START Given data

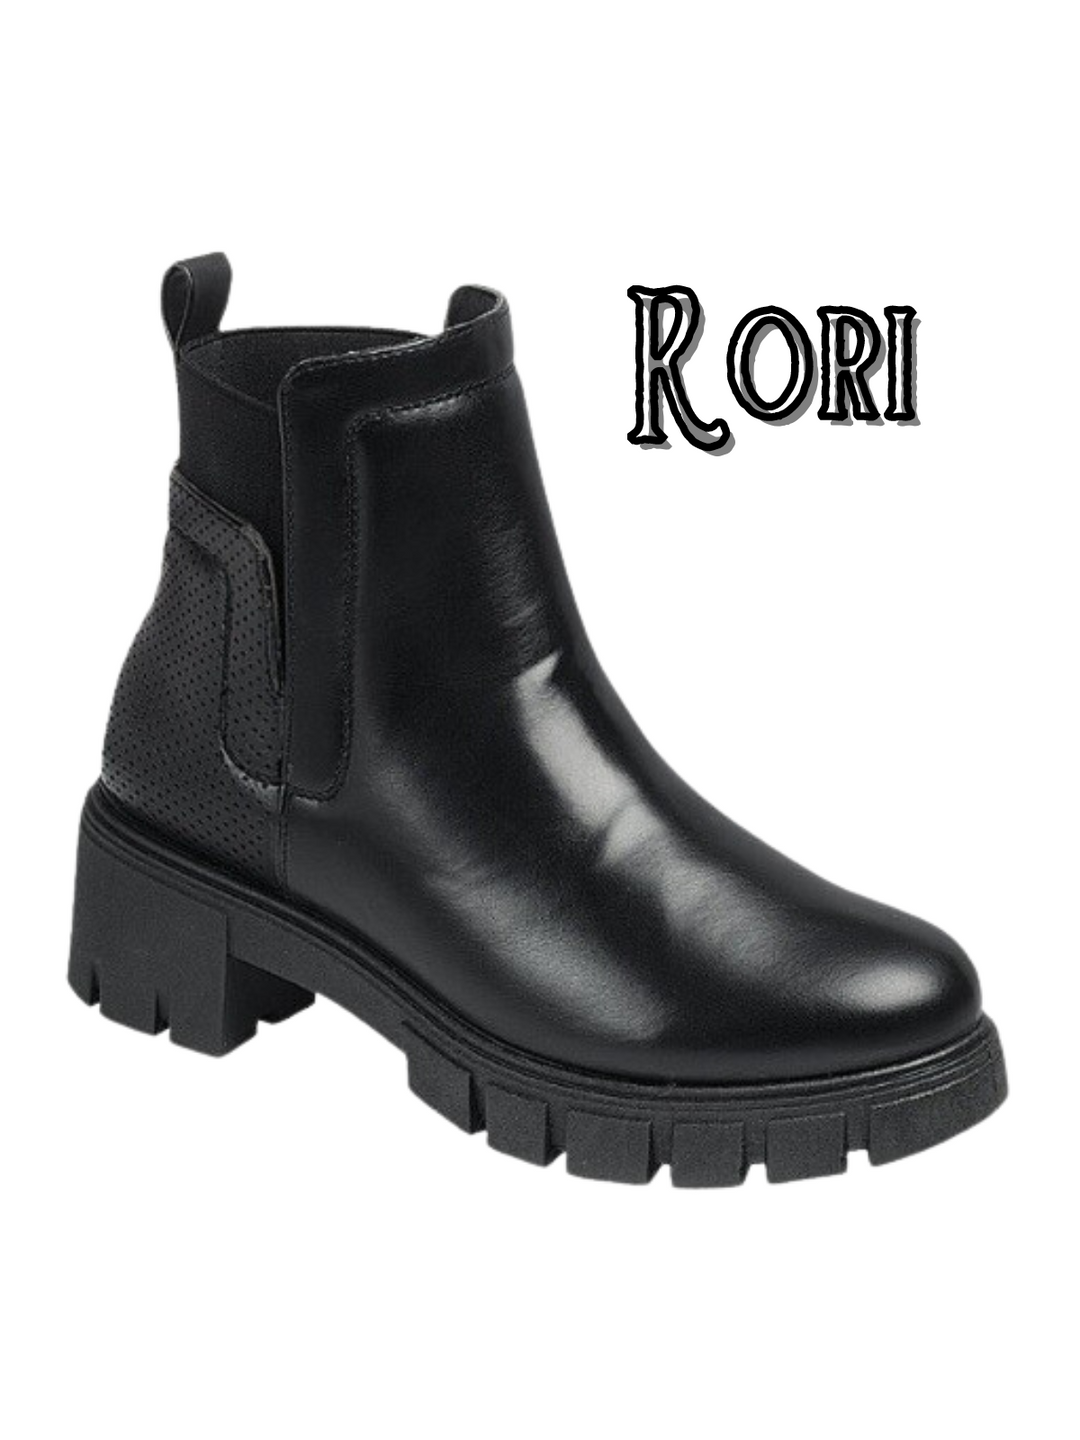 Rori Boots | Pre-Black Friday
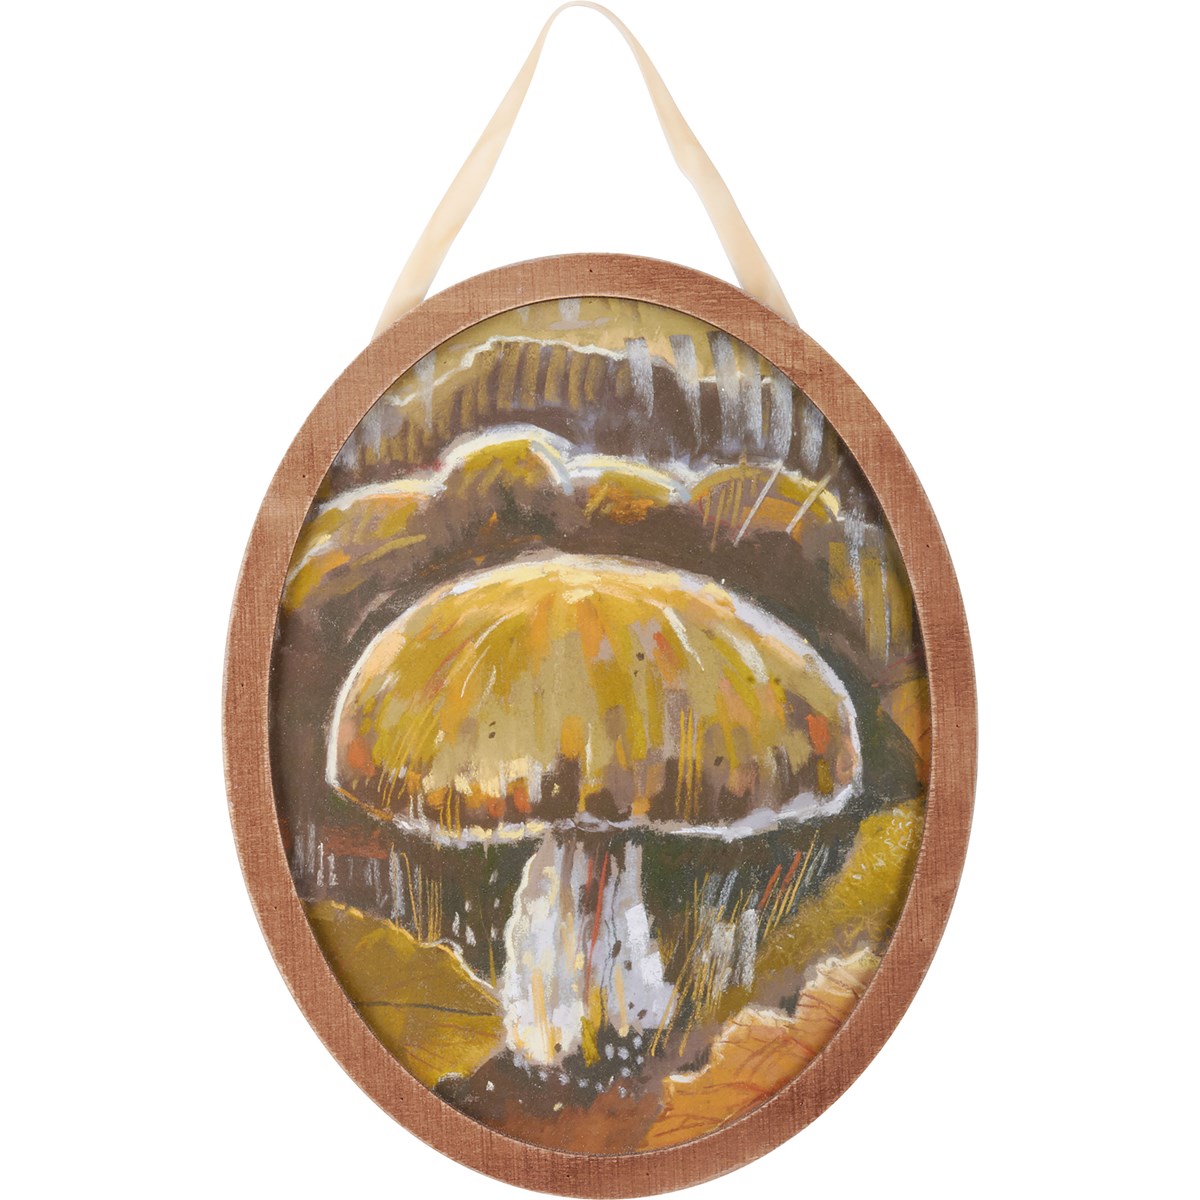 Mushroom Hanging Decor - Wood, Paper, Velvet
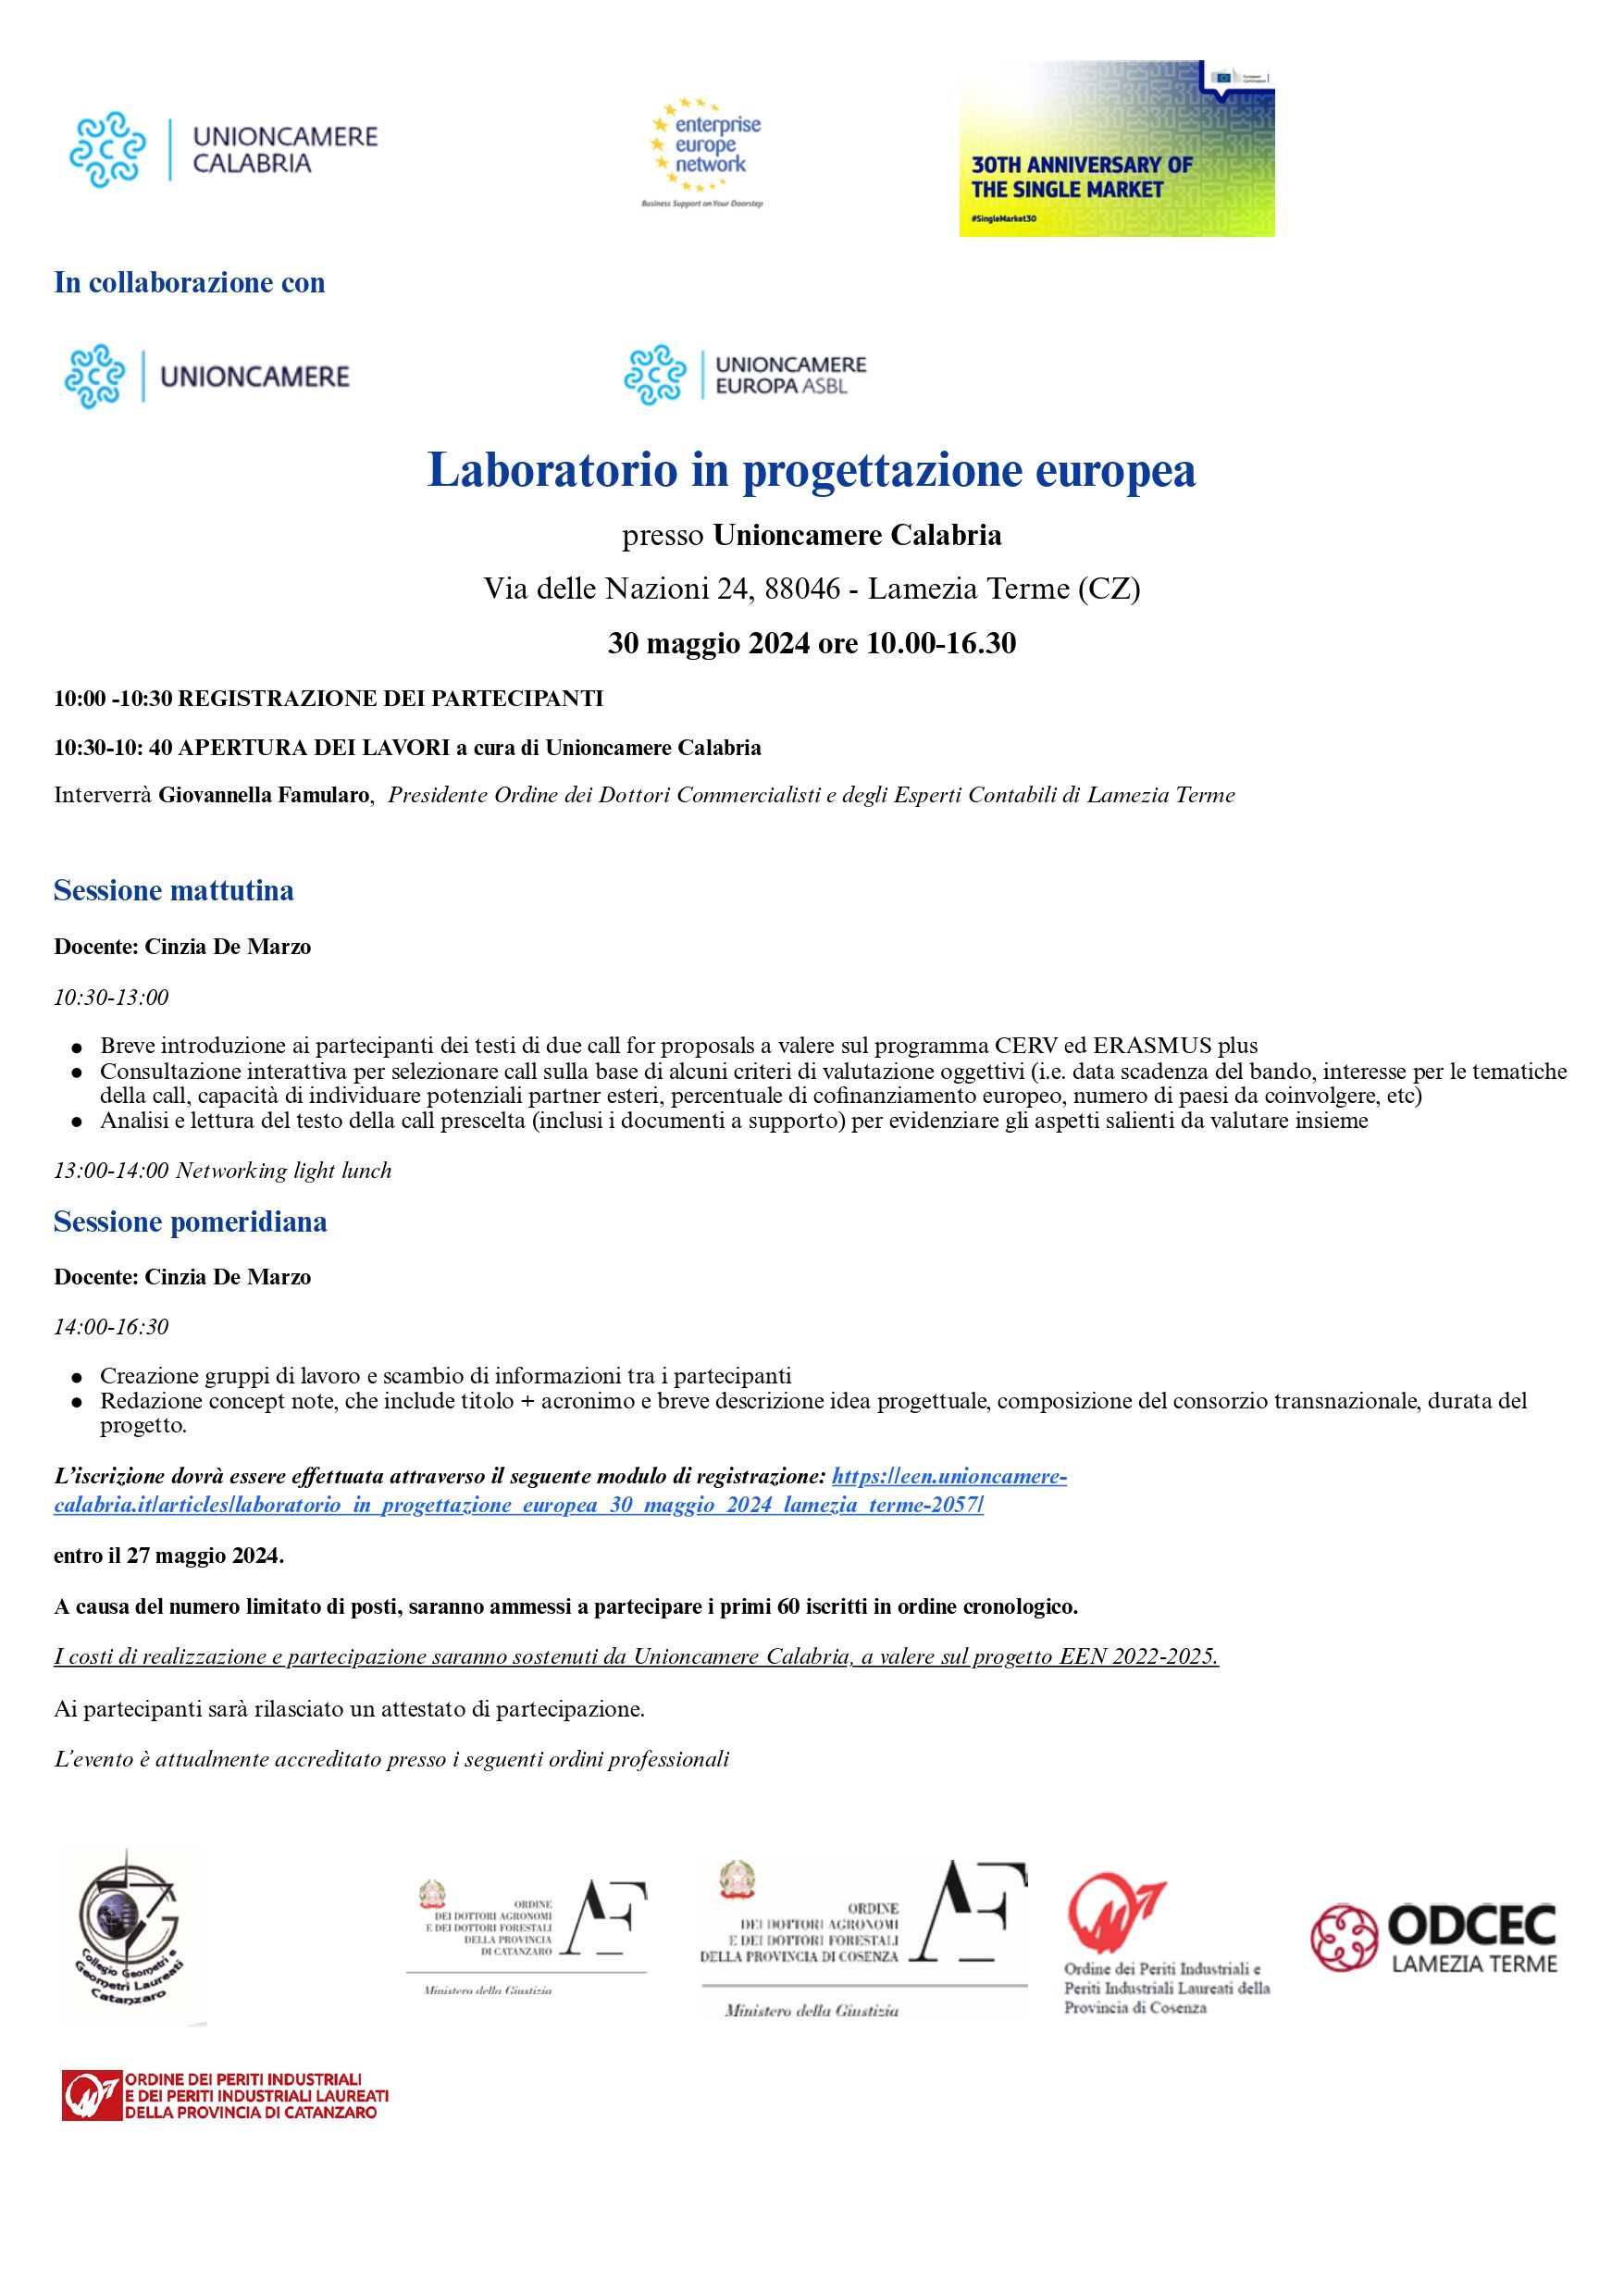 Laboratorio in progettazione europea -  30 maggio 2024 - Lamezia Terme

END Given data

- Assigned task
Pictures are to be omitted. Output verbatim only the lines from the one holding "Mushroom Hanging Decor - Wood, Paper, Velvet" through the end of the material, both included.

- Exercise output
 Mushroom Hanging Decor - Wood, Paper, Velvet
 Laboratorio in progettazione europea -  30 maggio 2024 - Lamezia Terme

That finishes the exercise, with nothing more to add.